The committee concluded that for any system of classification to work it must recognise that the only scope for enforcement lies in drawing a clear distinction between illegality and immorality. It is neither reasonable nor practical to expect law enforcement to enforce morals, which is what is expected now. The committee I chaired nominated some principles upon which a policy could be based, irrespective of technological change. These principles are:

Firstly, to prosecute those who depict matters that are illegal while leaving depiction of legal stuff alone. Police and courts have better things to do than to wag fingers at people who engage in consensual legal sexual fetishes and then make the mistake of taking photographs or shooting video for wider distribution. Illegal things, such as rape and child sex, should be the focus.

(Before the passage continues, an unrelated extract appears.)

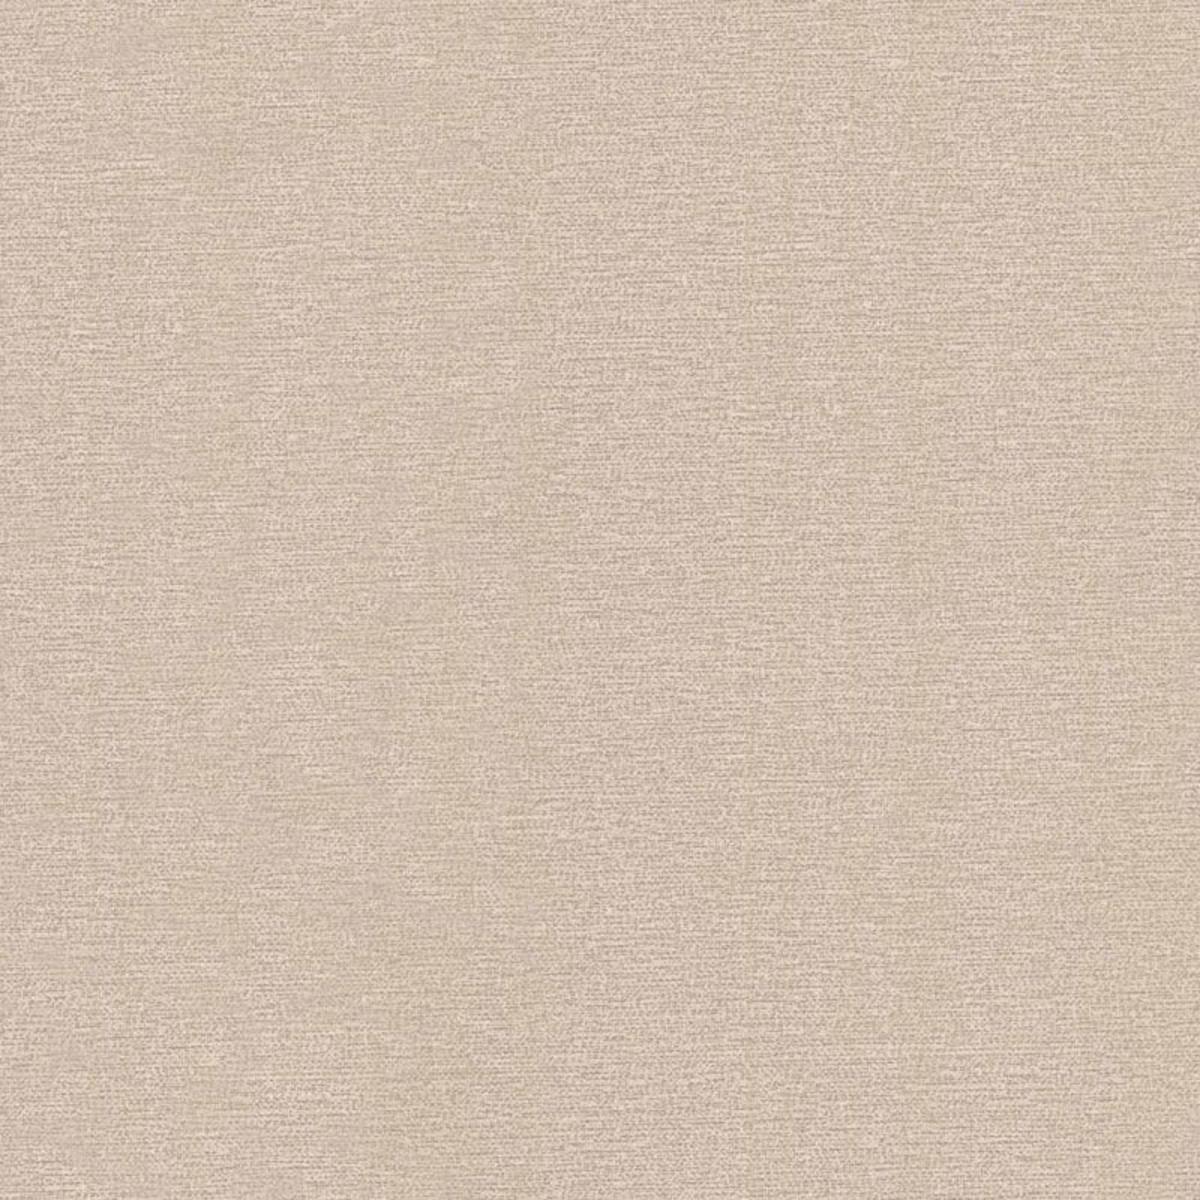 Обои флизелиновые Артекс Freedom бежевые 1.06 м 10057-04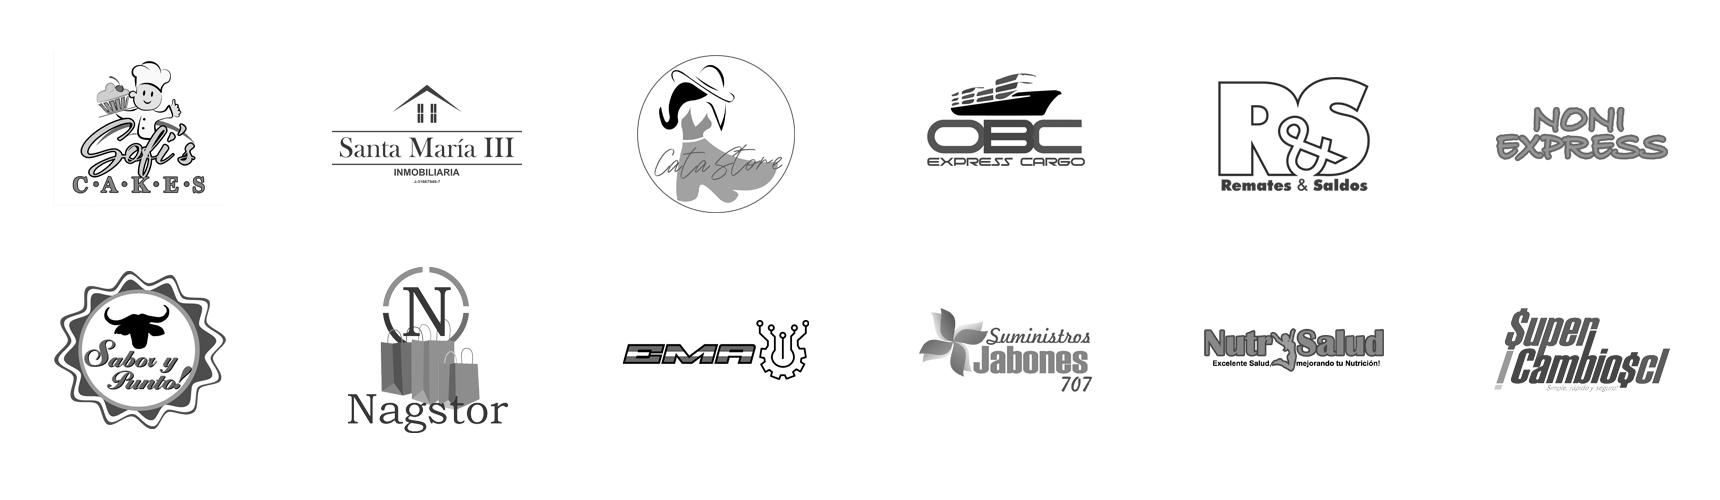 Sofi's Cakes, Inmobiliaria Santa María III, Cata Store Italy, OBC Express Cargo, Remates & Saldos, Noni Express, Sabor y Punto!, Nagstor, EMA, Suministros Jabones 707 C.A., NutrySalud, SuperCambios CL

Secondly: warn adults of content so that they have the option of avoiding exposure to it. Warning need not be particularly subtle: its purpose is to ensure that people know what they will be exposed to so they can decide whether to look at it. That means nobody needs to be exposed unwittingly, but, equally, nobody is making a nanny-state decision for someone else. Thirdly: restore responsibility to parents to protect children. The government is neither entitled nor qualified to assume the role of parenting. Other people may have different ideas about parenting but that does not give them the right to impose those ideas.

Other measures are also losing their relevance. As free TV argued, classification time zones, where programs under a certain classification can be shown within a certain time frame, were originally designed to protect children from viewing inappropriate content. There are now technological measures for this, such as parental locks, and there are children-specific television channels, such as ABC2 and ABC3. And in any case, there is an expectation that content will be available at a time of one’s choosing, without restrictions such as classification zones. Catch-up viewing options, such as iview, are now ubiquitous. This effectively means there are different rules on content depending on the means by which is it is accessed.

Achieving change in this area might not be easy. While the states could go it alone, the COAG agreement calls for the unanimous agreement of all relevant state ministers for all but minor amendments. But, clearly, change is needed. Times have changed, and the regulatory system needs to respond. It is time for the government to recognise that and to begin the process of change.